- Interactive map of Oruk Anam
- Oruk Anam Location in Nigeria
- Coordinates: 4°49′0″N 7°39′0″E﻿ / ﻿4.81667°N 7.65000°E
- Country: Nigeria
- State: Akwa Ibom State
- Capital: Ikot Ibritam

Government
- • Chairman: Rt Hon Elder Sunday Festus Akpan

Area
- • Total: 543.9 km^{2} (210.0 sq mi)

Population (2022)
- • Total: 219,300
- • Density: 403.2/km^{2} (1,044/sq mi)
- Time zone: UTC+1 (WAT)

= Oruk Anam =

Oruk Anam is a Local Government Area located in Akwa Ibom State of Nigeria. The indigenous population is largely made up of Annang people, one of the minority tribes in Southeast Nigeria.

It may be ranked as the largest LGA in Akwa-Ibom due to its land popularity. Its headquarters are located in the town of Ikot Ibritam.

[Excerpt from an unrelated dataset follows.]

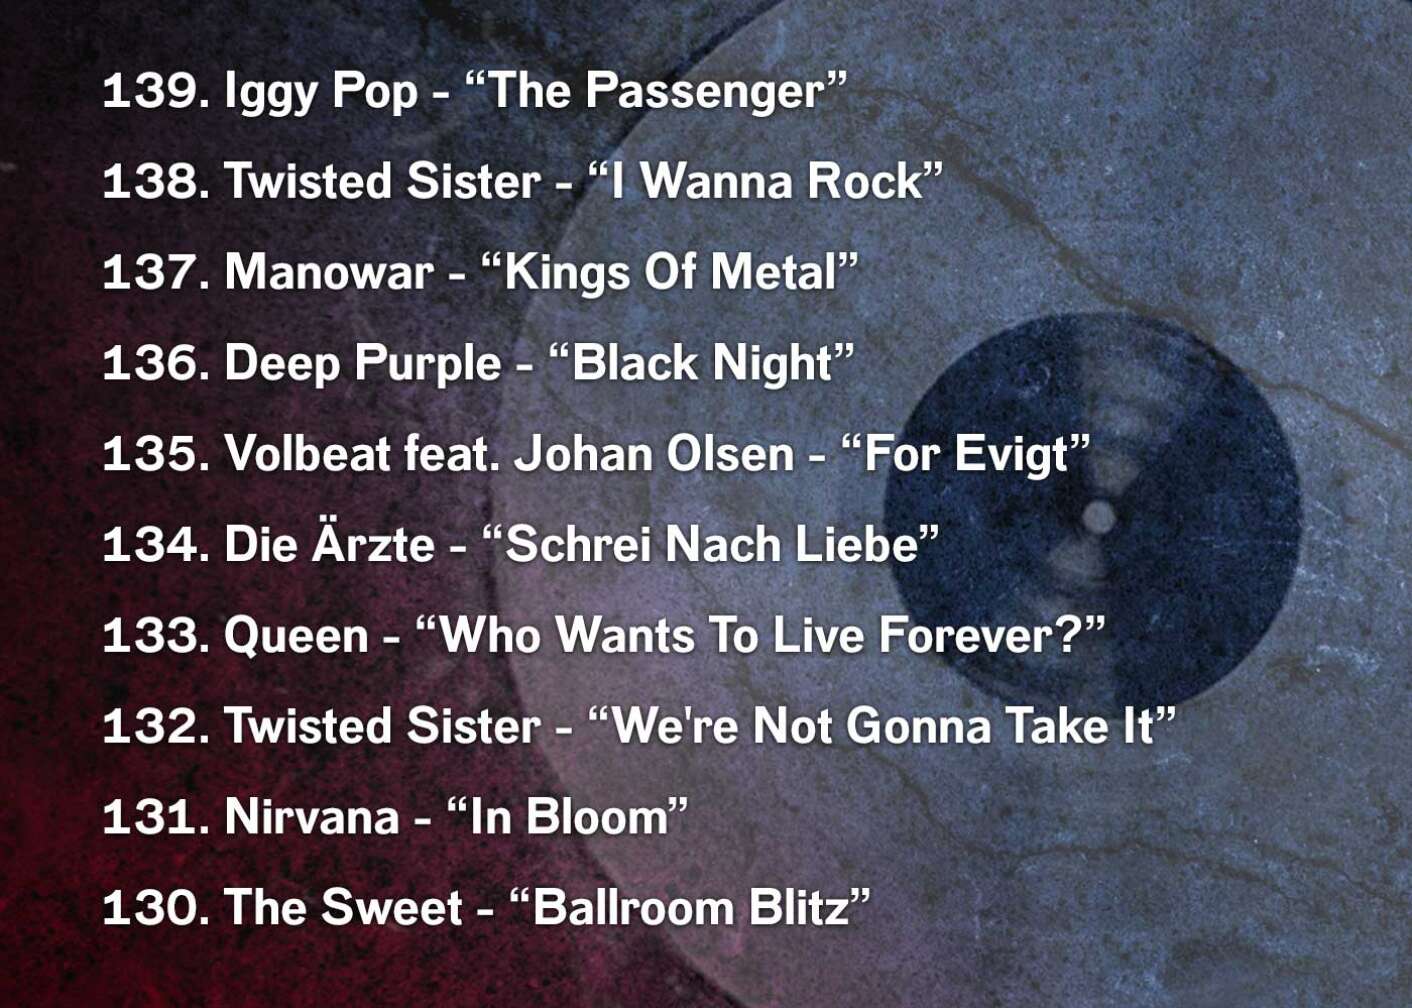 139. Iggy Pop - “The Passenger” 138. Twisted Sister - “I Wanna Rock” 137. Manowar - “Kings Of Metal” 136. Deep Purple - “Black Night” 135. Volbeat feat. Johan Olsen - “For Evigt” 134. Die Ärzte - “Schrei Nach Liebe” 133. Queen - “Who Wants To Live Forever?” 132. Twisted Sister - “We're Not Gonna Take It” 131. Nirvana - “In Bloom” 130. The Sweet - “Ballroom Blitz”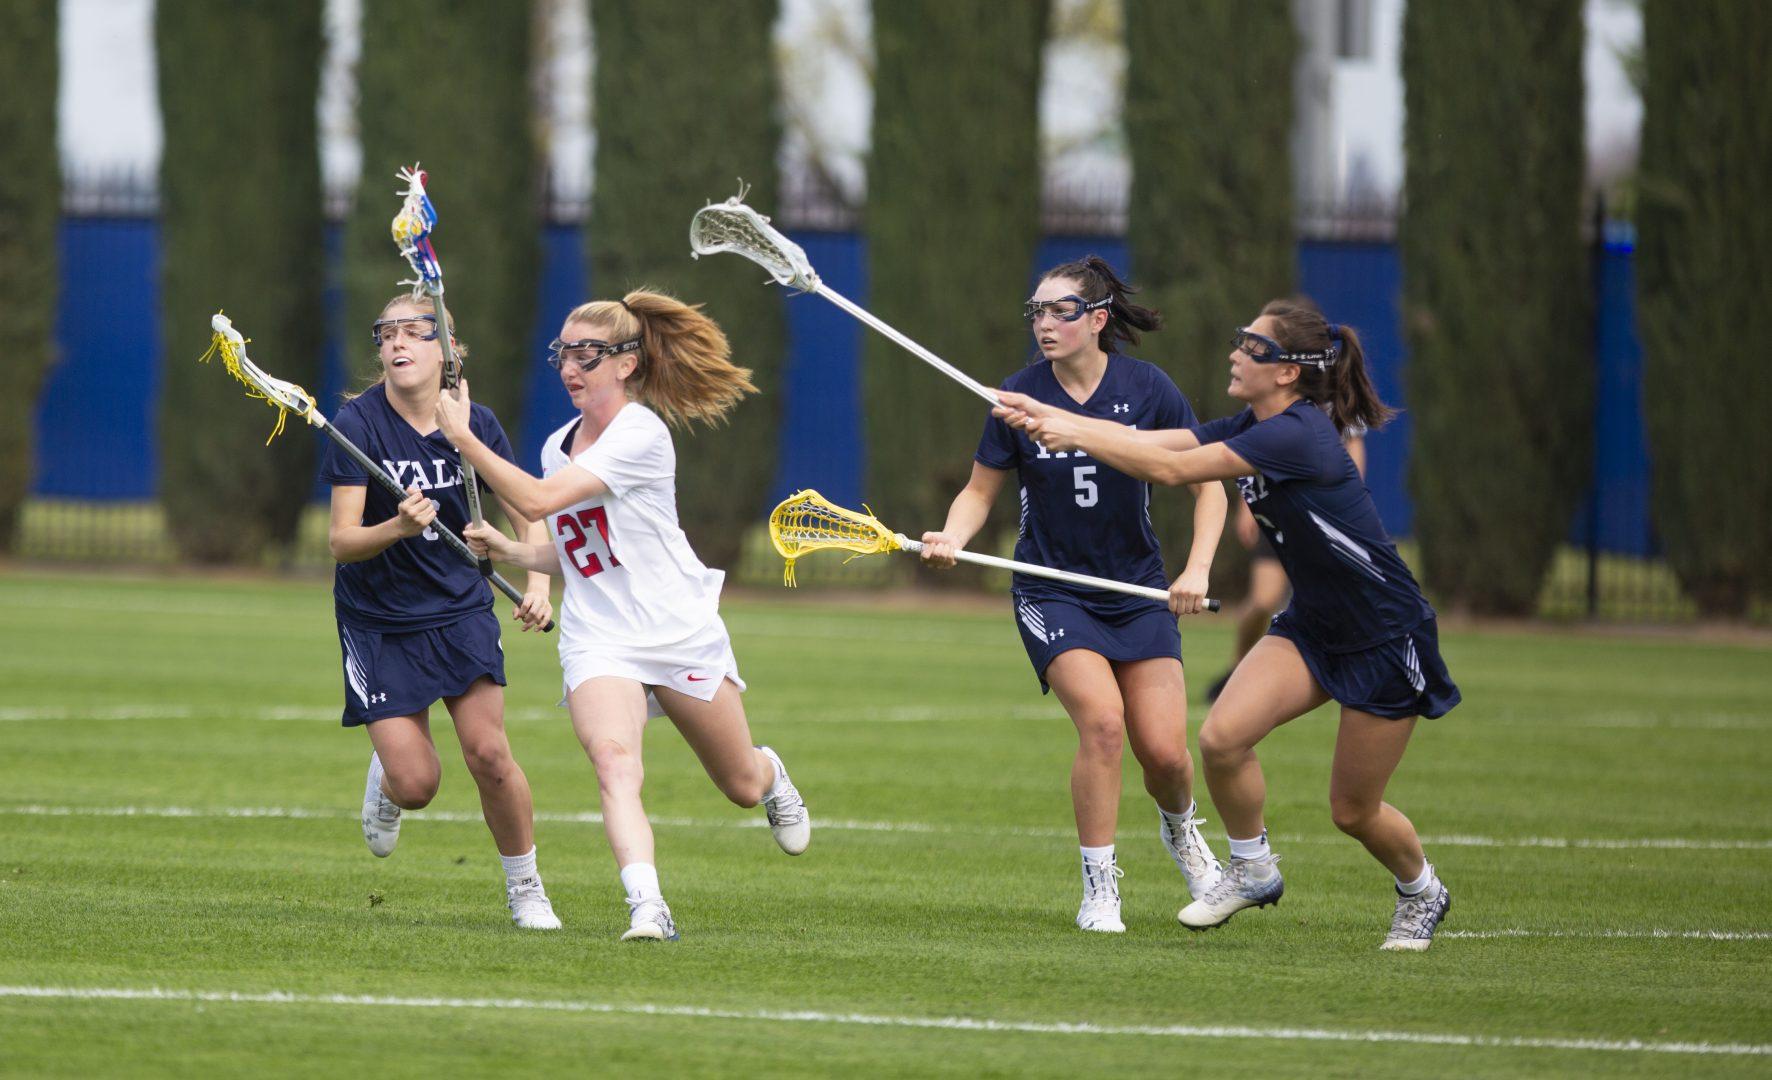 Hennessey Evans passes the ball in a lacrosse match against Yale on Thursday, March 12, 2020. Fresno State athletics announced the cancellation of all spring sporting events indefinitely earlier Thursday. (Larry Valenzuela/The Collegian)

It is one of the eight Annang-speaking LGAs.

It consists of two major political units, namely, the Oruk zone The and the Anam zone. Oruk zone used to be a Local Government Area with headquarters at Urua anwa. Oruk zone was known as Southern Annang County Council of the former Abak Division.

Anam zone used to be Anam Local Government Area with headquarters at Ikot Akpan Essien. Anam was called the Anam or Annang County Council in the former Opobo Division.

In 1989, the two Local Government Areas were merged into one.

It shares boundaries with Ikot-Abasi/Mkpat-Enin (Ibibio speakers) to the south/east and Ukanafun (Anaang speakers) to the west. According to the 2006 census, its population was 172,000.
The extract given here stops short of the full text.